И Ривера… впрочем, судите сами.
В течение нескольких дней, последовавших за «студенческим бунтом», он вел себя так, словно происшедшее не имеет к нему никакого отношения, и работал, почти не спускаясь с лесов. На лесах же Диего встретил репортера из иллюстрированного приложения к газете «Универсаль», пришедшего взять у него интервью. Можно себе представить, с какой горечью читали это интервью коллеги по Синдикату! Ривера не нашел ни единого слова для осуждения молодчиков, накинувшихся на росписи. Не выразил хотя бы простого сочувствия пострадавшим товарищам. Зато он решительно опроверг ложные сообщения, заявив: «Ни одно из моих произведений не было повреждено толпою студентов. Все они нетронуты. Ребята немного попортили росписи, принадлежащие другим художникам».
«А не могло ли случиться, что нападавшие ошибочно полагали, будто фрески, которые они разрушают, написаны вами? — коварно спросил репортер. И тут же констатировал: — Диего вполне благодушно подтверждает свою уверенность в том, что студенты никогда не помышляли об уничтожении его росписей…»
Допустим, что репортер неверно передал подлинные слова Риверы, извратил его мысли. Что в таком случае мешало Диего выступить с опровержением? И разве не мог он высказаться откровенно на страницах «Мачете»? Нет, он не сделал этого…
Еще более странное впечатление производит статья, появившаяся 3 июля в одном из столичных изданий и озаглавленная «Диего Ривера и его последователи. К инциденту с настенной живописью». Начинается она с развязного изложения недавних событий; создатели уничтоженных и поврежденных фресок именуются «шарлатанами», их творчество — «футуристическим кривлянием». Со злорадством говорится о том, что новое руководство Министерства просвещения намерено удовлетворить пожелания студентов Подготовительной школы, требующих забелить известкой уцелевшие росписи (к счастью, до этого все-таки не дошло).

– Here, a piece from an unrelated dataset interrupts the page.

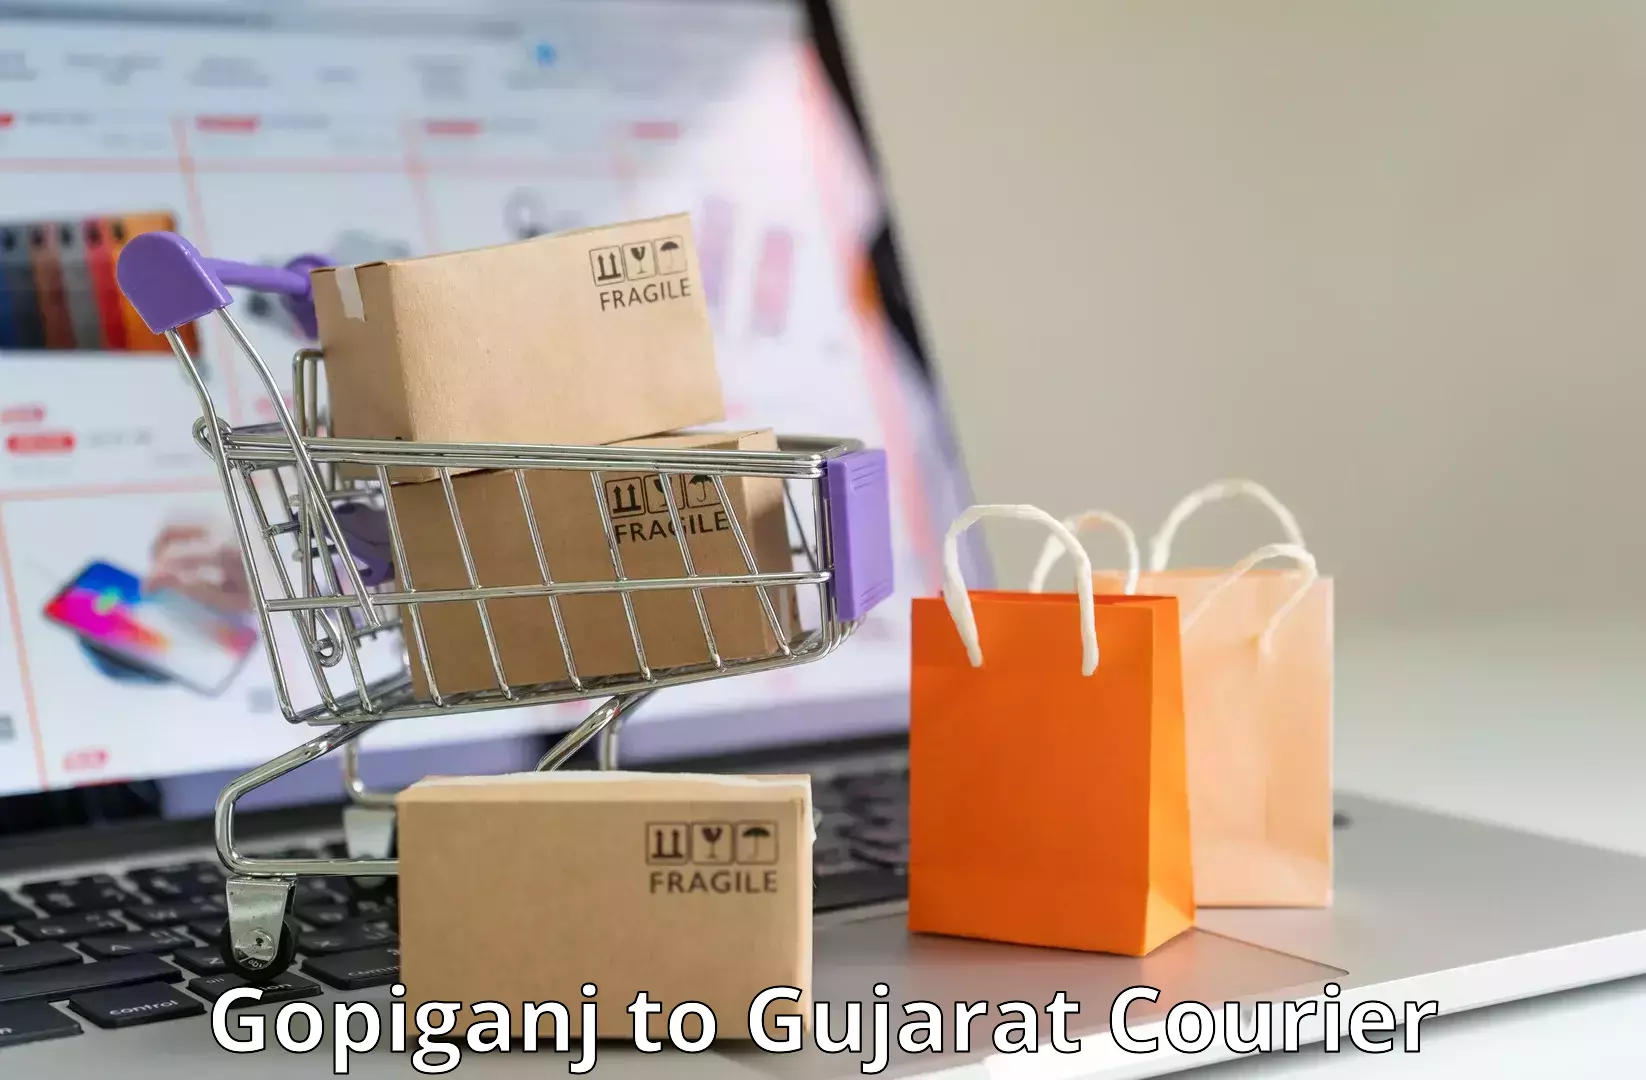 On-call courier service Gopiganj to Gujarat

Затем автор статьи — поэт и критик Сальвадор Ново делает неожиданный вольт, переходя к Диего Ривере, которому расточает выспренние комплименты. «Красоту его произведений не станет оспаривать ни один человек, одаренный душою и зрением… Только несведущие люди могут думать, что кто-либо до него в Мексике расписывал стены с подобным совершенством».
Глубоко заблуждаются те, уверяет далее Сальвадор Ново, кто смешивает искусство Риверы с потугами его недостойных учеников, вполне заслуживших свой жалкий конец. Критик разражается ругательствами по адресу «бездарных подражателей Диего», которые «пишут отталкивающие фрески, стремясь пробудить в зрителях не эстетическое волнение, но анархическое бешенство». И заканчивается статья выражением пламенного сочувствия «бедным юношам из Подготовительной школы, отказавшимся заниматься наукой в стенах, оскверненных тлетворной живописью».